BEGIN Input data

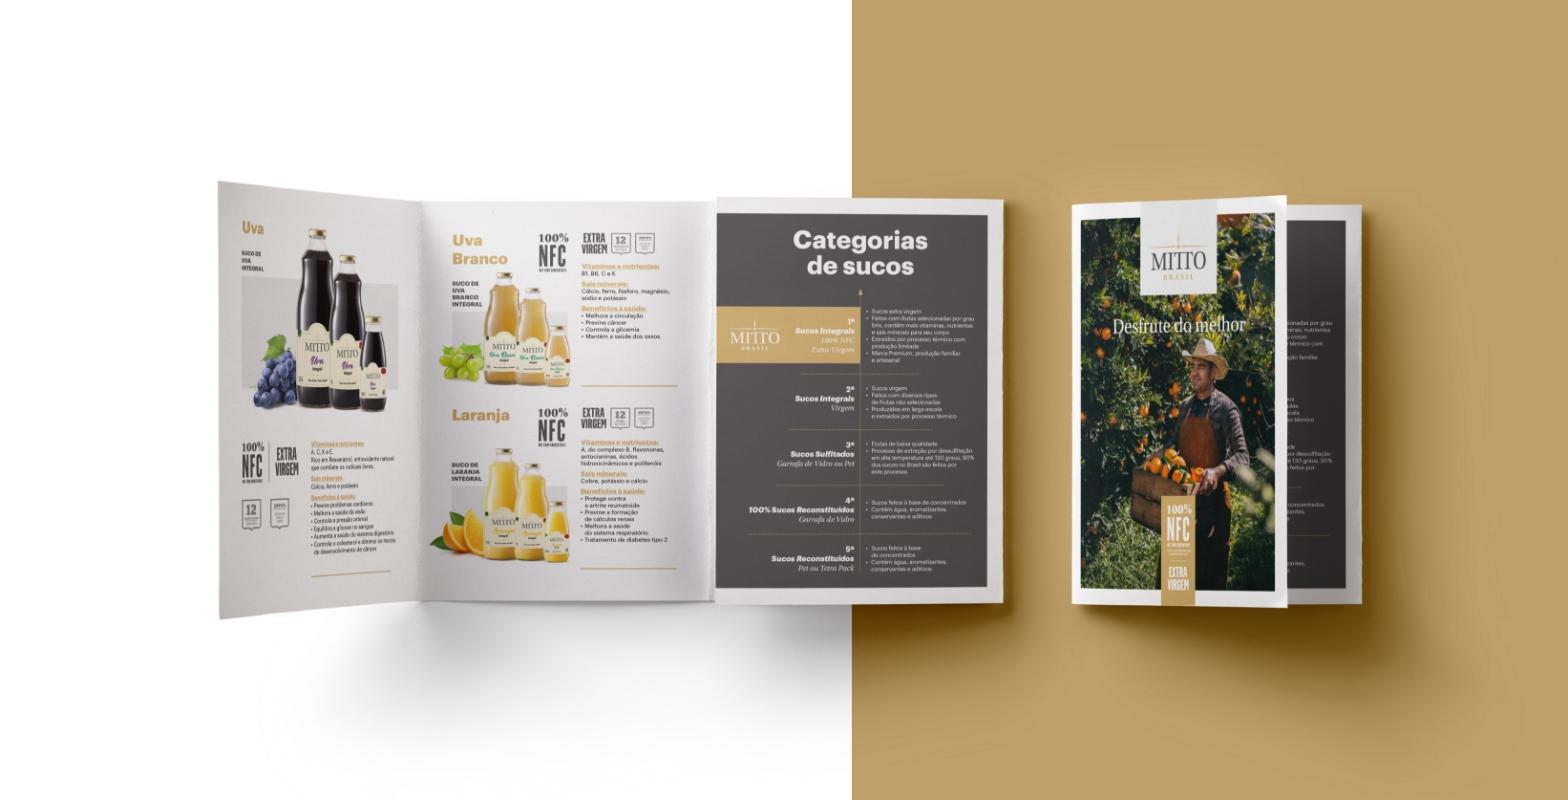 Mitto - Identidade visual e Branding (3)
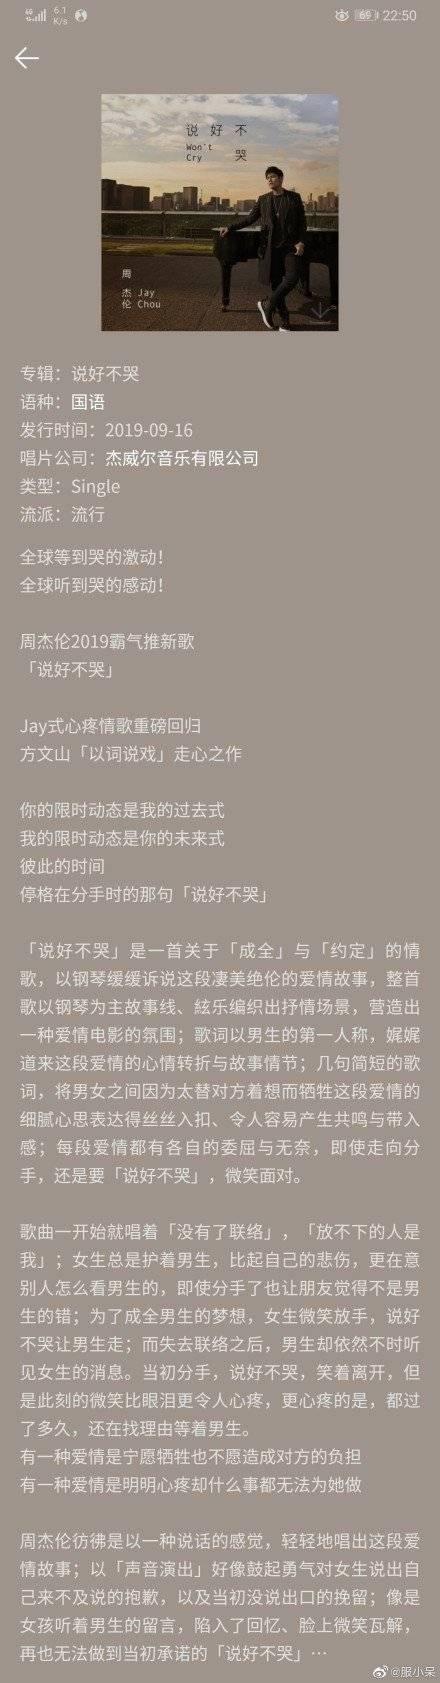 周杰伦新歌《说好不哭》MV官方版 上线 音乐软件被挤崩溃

END Input data
BEGIN Input data

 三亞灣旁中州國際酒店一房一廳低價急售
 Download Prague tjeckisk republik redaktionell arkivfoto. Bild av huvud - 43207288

END Input data

_Problem description_
An exact copy of the lines above, from the one containing "三亞灣旁中州國際酒店一房一廳低價急售" down to the one containing "Download Prague tjeckisk" and including both, is the whole answer; retype it and nothing else.

_Output below_
 三亞灣旁中州國際酒店一房一廳低價急售
 Download Prague tjeckisk republik redaktionell arkivfoto. Bild av huvud - 43207288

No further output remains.